- Open Access
- Total Downloads : 800
- Authors : Abhijit Asthana, Prof. Shyam Akashe
- Paper ID : IJERTV2IS110637
- Volume & Issue : Volume 02, Issue 11 (November 2013)
- Published (First Online): 16-11-2013
- ISSN (Online) : 2278-0181
- Publisher Name : IJERT
- License: This work is licensed under a Creative Commons Attribution 4.0 International License
Power Efficient D Flip Flop Circuit Using MTCMOS Technique in Deep Submicron Technology
Abhijit Asthana
PG Scholar in VLSI Design at ITM, Gwalior
Prof. Shyam Akashe
Coordinator of PG Programmes in VLSI Design, Deptt of Electronics, ITM, Gwalior
Abstract
In analog, digital and mixed signal designs D Flip Flop plays very crucial role. These class of flip flops are preferred over other to realize different counters and other circuits.
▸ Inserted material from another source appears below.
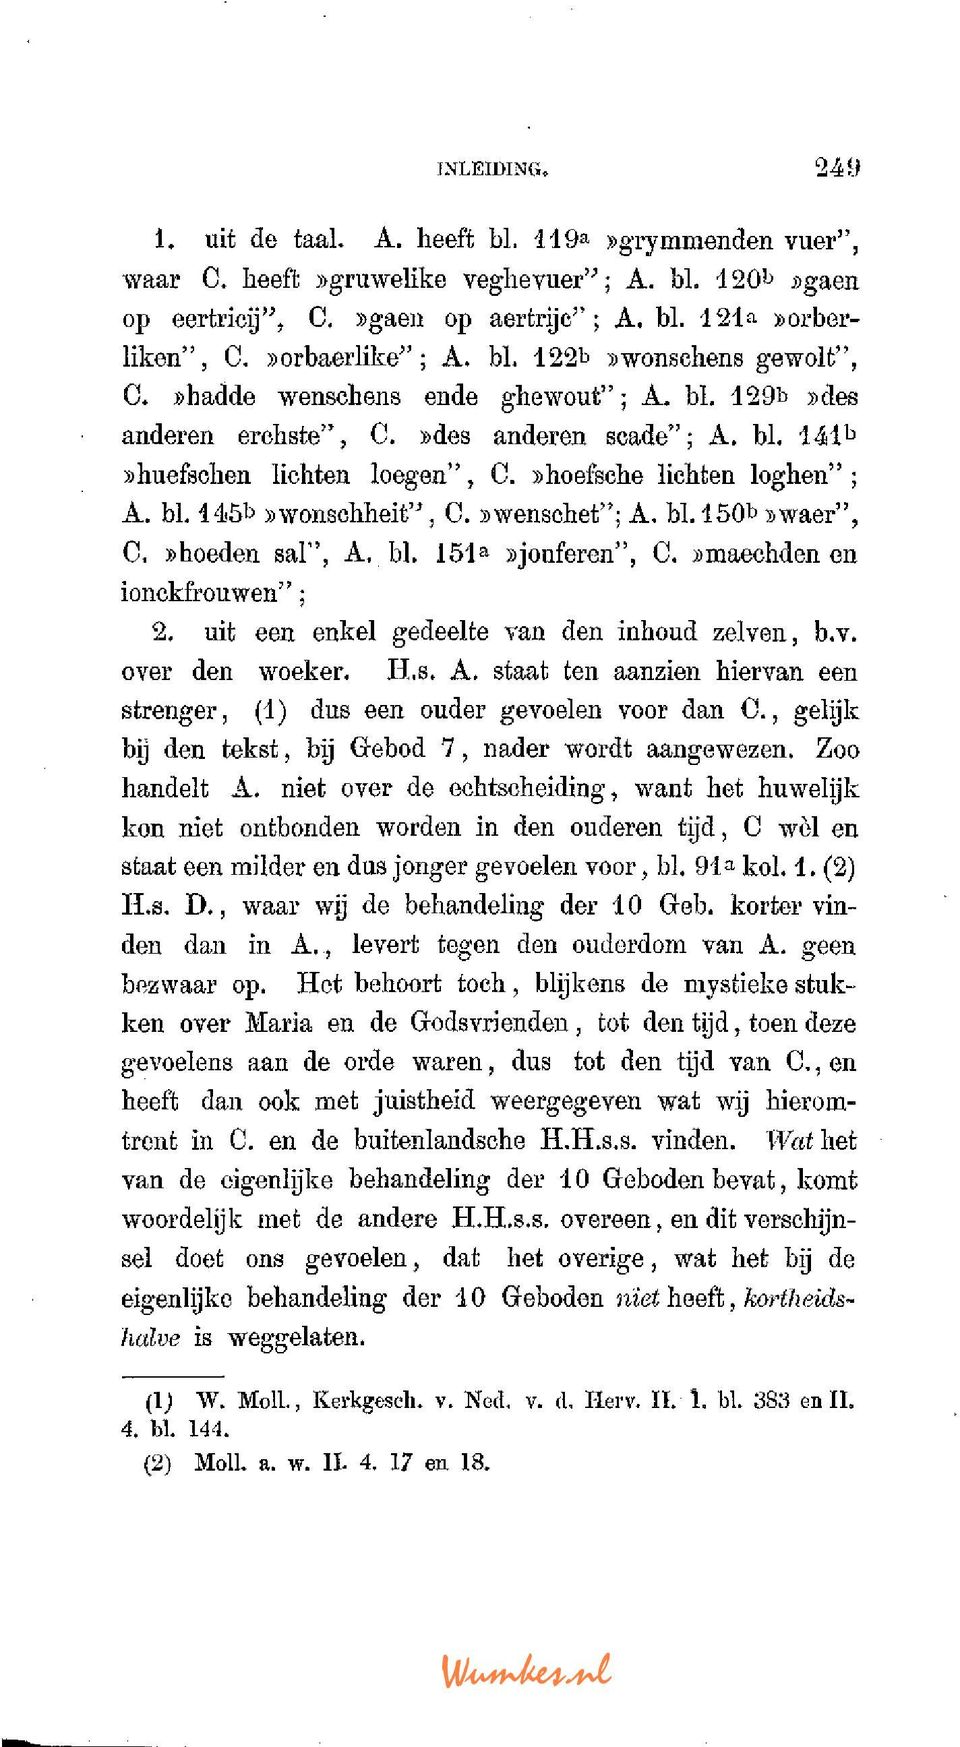 »hoefsche lichten loghen" ; A. bl. 145b ))wonschheit", C. swenschet"; A. bl. 150»waer", C.»hoeden sal", A. bl. 151 a»jouferen", C.»maechden en ionckfrouwen"; 2.

This paper addresses the design of low power D flip flop cell and its comparison with standard 5T TSPC D flip flop. The low power D flip flop cell is designed by employing MTCMOS leakage power reduction technique with standard 5T TSPC D flip flop cell. These two circuits are simulated on Cadence Virtuoso tool in 180 nm, 90 nm, 45 nm technology. Parameters like power dissipation, delays, leakage power etc are compared for these two different circuits. However layouts and waveforms are shown only for 180 nm technology.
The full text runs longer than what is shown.